Em Inferno, no entanto, uma seqüência fornece um modelo rigoroso da forma como este procede. Incomodado com a proliferação de gatos em sua loja, o antiquário Kazanian decide uma noite afogar em um lago da cidade alguns gatos que conseguira capturar. A sequência se abre com três planos compostos segundo um mesmo princípio simétrico. Uma linha de horizonte ( uma ponte, bosques) cinde o quadro em duas partes iguais: no alto, uma visão “cartão postal” de buildings nova iorquinos , depois a de um vendedor ambulante embaixo, seu reflexo num lago circundado por vegetação. Imagens de um mundo indissociável de sua dimensão muda e ativa, de sua dobra, em suma. Pois a linha der contato separa menos as duas partes do quadro do que as coloca em relação: entre o moderno e o arcaico, entre o sólido e o líquido, entre o macrocosmo ( a lua) e o microcosmo ( o lago e os ratos), entre a realidade e sua imagem, algo vai circular em segredo, e segundo um processo indiferente às leis da lógica e da causalidade. A composição bipartida do plano ilustra um dos princípios matriciais do cinema de Argento, que estabelece contrastes com o propósito de experimentar a síntese ( figurativa, plástica, cinematográfica), que imagina novas figuras a partir de elementos a priori antitéticos. Uma vez que a configuração da sequência foi estabelecida- dois motivos de quadros que se opõem e se respondem-, uma série de planos precisa a natureza de sua relação: a água dos esgotos da cidade que deságua no lago designa uma dinâmica de troca ( de um termo a outro), enquanto os ratos, símbolos límpidos do contágio, a precisam. A partir daí, cada evento que advenha em uma das metades do quadro vai se atualizar, por contágio, em outra. Paralelamente à morte de Kazanian ( este cai no lago, é devorado pelos ratos, depois assassinado por um vendedor ambulante apercebido no começo da seqüência), uma outra série de planos mostra a progressão de um eclipse lunar, como se este signo de mau agouro se atualizasse na parte inferior do quadro ( lembremos aqui que para Paracelso a lua envenena a água na qual se reflete).
Assistimos então a uma montagem que estabelece entre planos ou elementos do quadro correspondências inéditas ( o afogamento dos gatos desencadeia a morte do astro, que se “realiza” através da morte do personagem). O equilíbrio entre o mundo e sua dobra é rompido em proveito de uma nova lógica, fundada sobre princípios alquímicos, próximos do pesadelo: a indistinção do macrocosmo ( os ciclos lunares e a influência cósmica) e do microcosmo, do corpo e do espírito, da causa e do efeito. O lago, enfim, cheio das sevícias inflingidas por Kazanian aos gatos da cidade, condensa uma energia negativa que se transforma em ação assassina. Este exemplo ilustra também o status particular desta seqüência no cinema de Argento: única por possuir seu próprio modo de funcionamento, a ponto de constituir às vezes um pequeno filme autônomo dotado de uma estrutura a ser decifrada; e um esquema cuja lógica tem de ser respeitada, na medida em que a seqüência também se integra a um conjunto, o filme. A arte do desvio é o fruto deste paradoxo: um desejo constante de escapar do continuum fílmico e o dever, apesar disso, de se relacionar a este ( de s’y raccorder).

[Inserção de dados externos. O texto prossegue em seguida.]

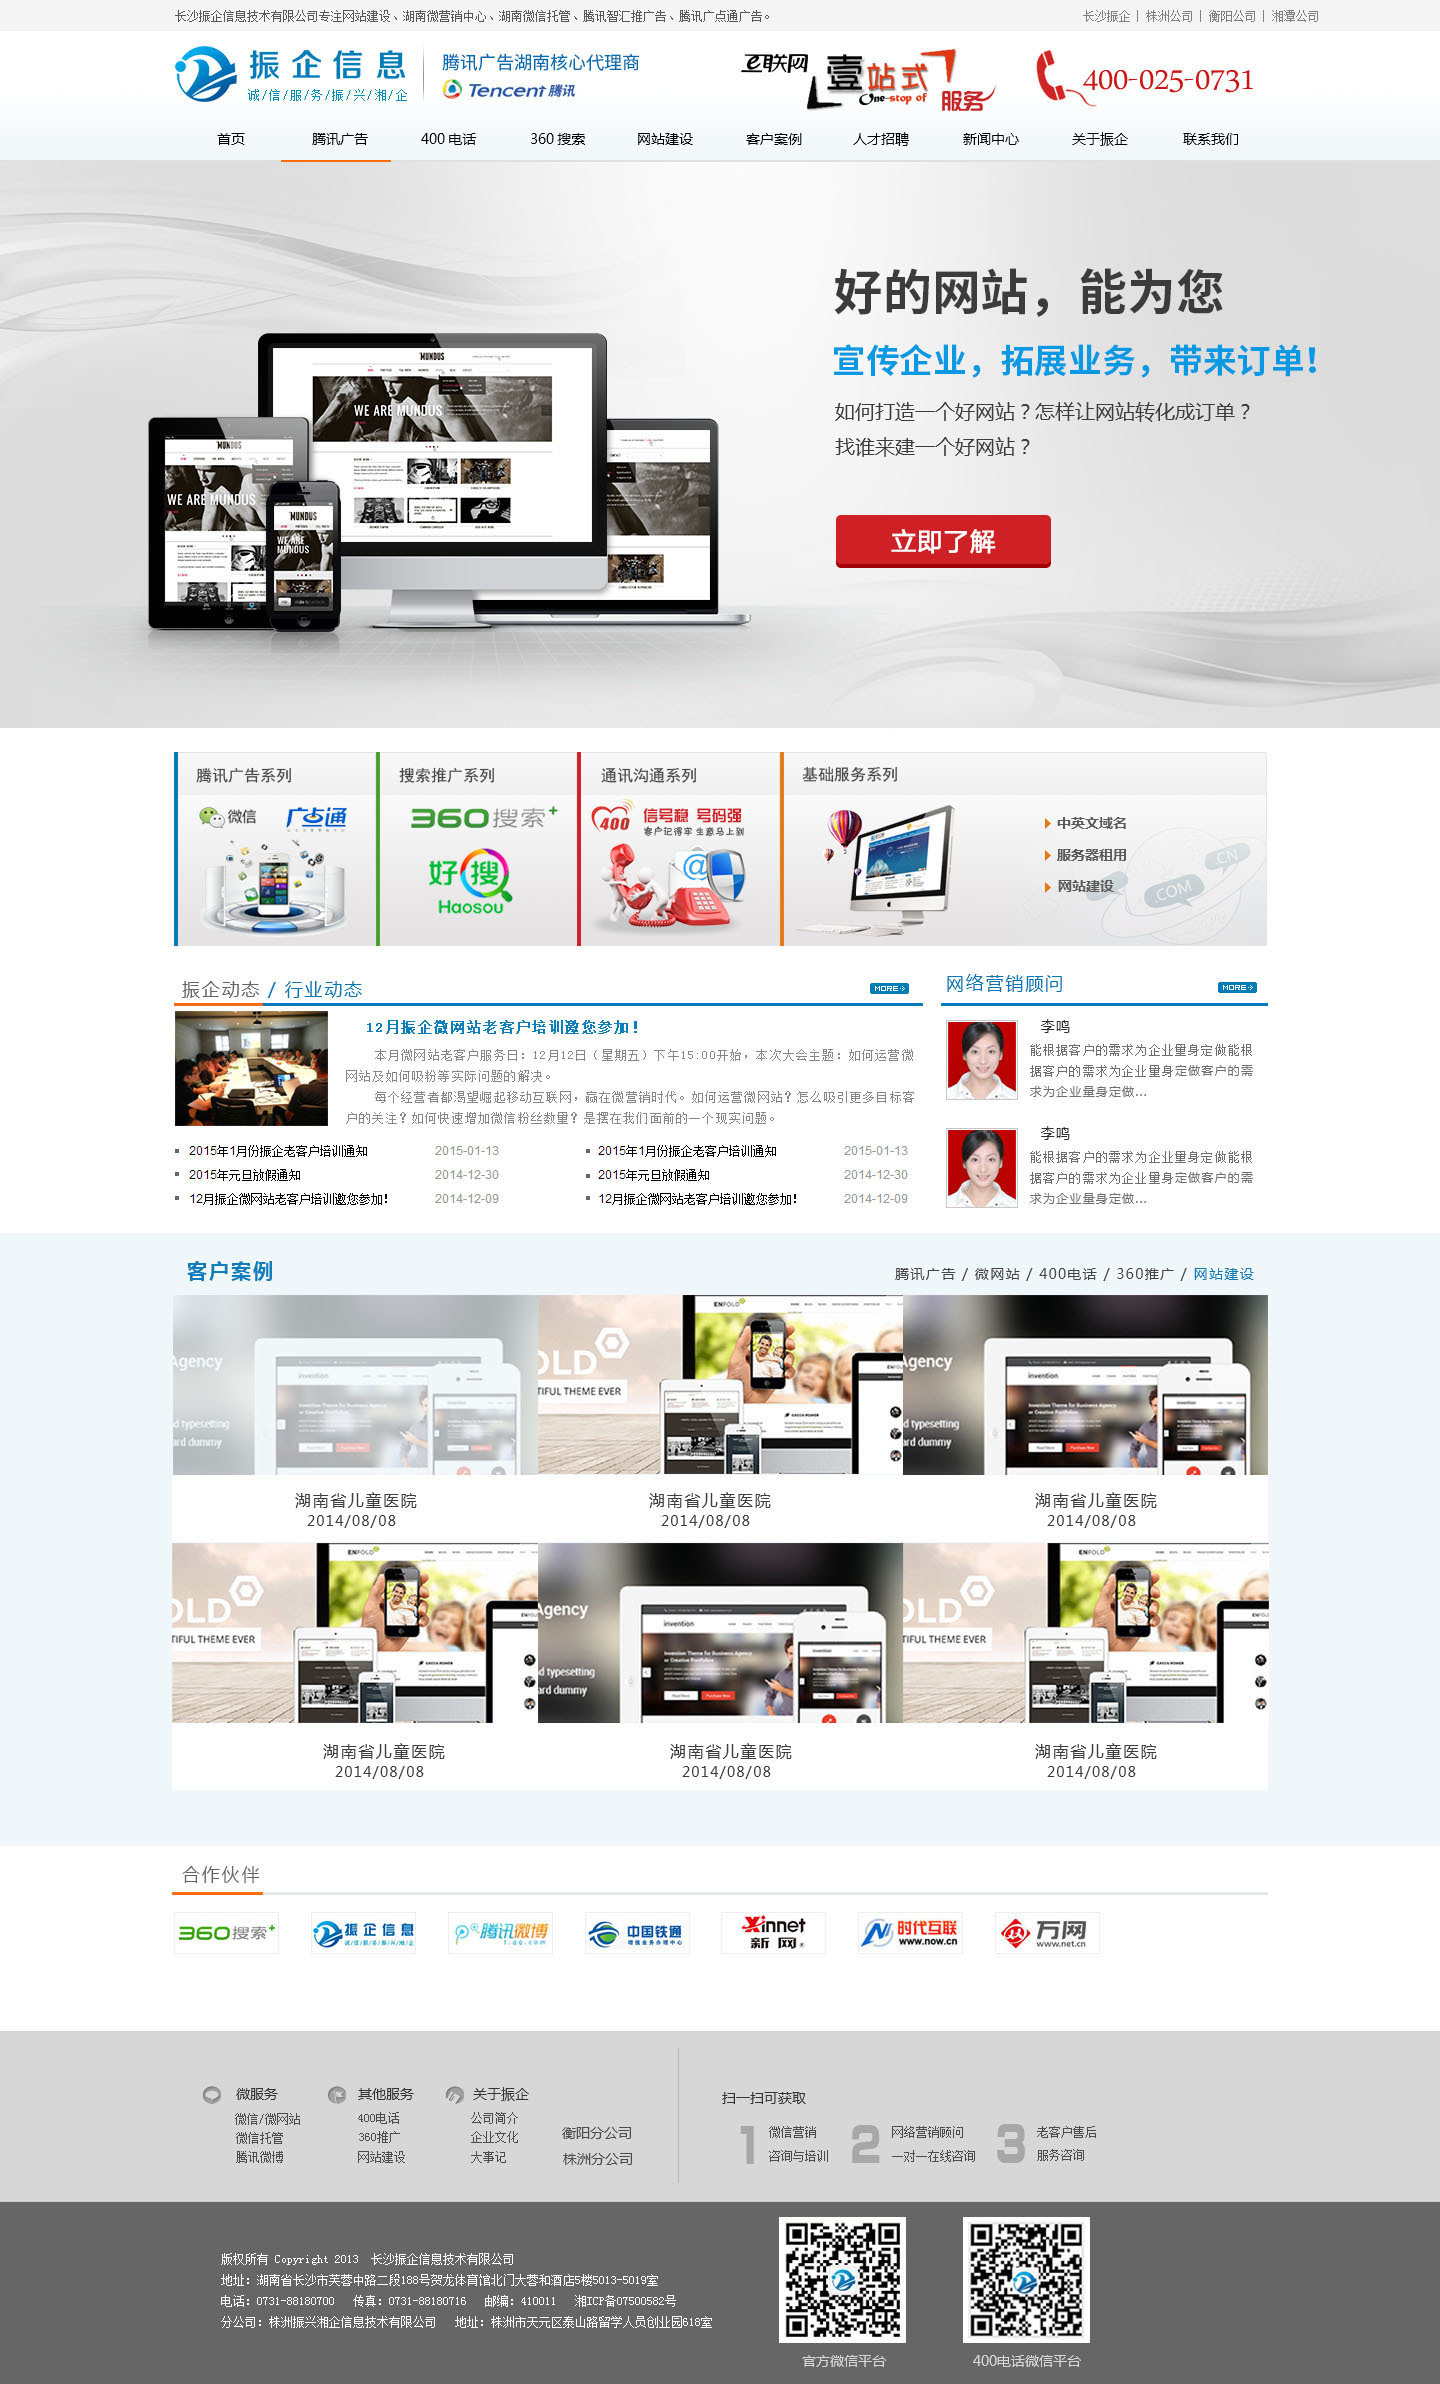 PC 中小型企业WEB设计

Em um artigo, Stéphane Bouquet opunha um cinema do plano a um cinema do fluxo; no primeiro, “um cinema para o qual encenar é desenhar (...), e portanto organizar o inorgânico, o informe, o não-estruturado, para finalmente construir um sentido ou uma emoção”; já o cinema do fluxo é “subordinado a um princípio de desfilamento permanente e contínuo” das imagens, que visaria a “gerar ritmo onde outros geram sentido”. O cinema de Argento se situa precisamente na encruzilhada destas duas concepções, como se portasse em si os traços de um cinema que teria trocado a arte da mise en scène ( da fixação) pela da movimentação ( mise en mouvement). Fixar um plano, ou dizendo de outra maneira, desenhá-lo e regrá-lo, fixar um espectador como se fixa um alvo. Para ele, o combate entre plano ( e tudo o que este supõe: vitória da Razão, da ordem, do discurso) e fluxo ( poder absoluto da sensação e do movimento) não é regrado. É mesmo o equilíbrio entre estas duas formas de considerar a mise en scène que esclarece a natureza de suas imagens e do movimento que as anima. Do plano, este conservou uma relação dialética com o mundo: potências distintas existem e se opõem, por que negá-lo? Do fluxo, seus filmes possuem a presciência: a poderosa vida orgânica das coisas, seus tônus, seu fantasma, não seriam mais capitais que as próprias coisas?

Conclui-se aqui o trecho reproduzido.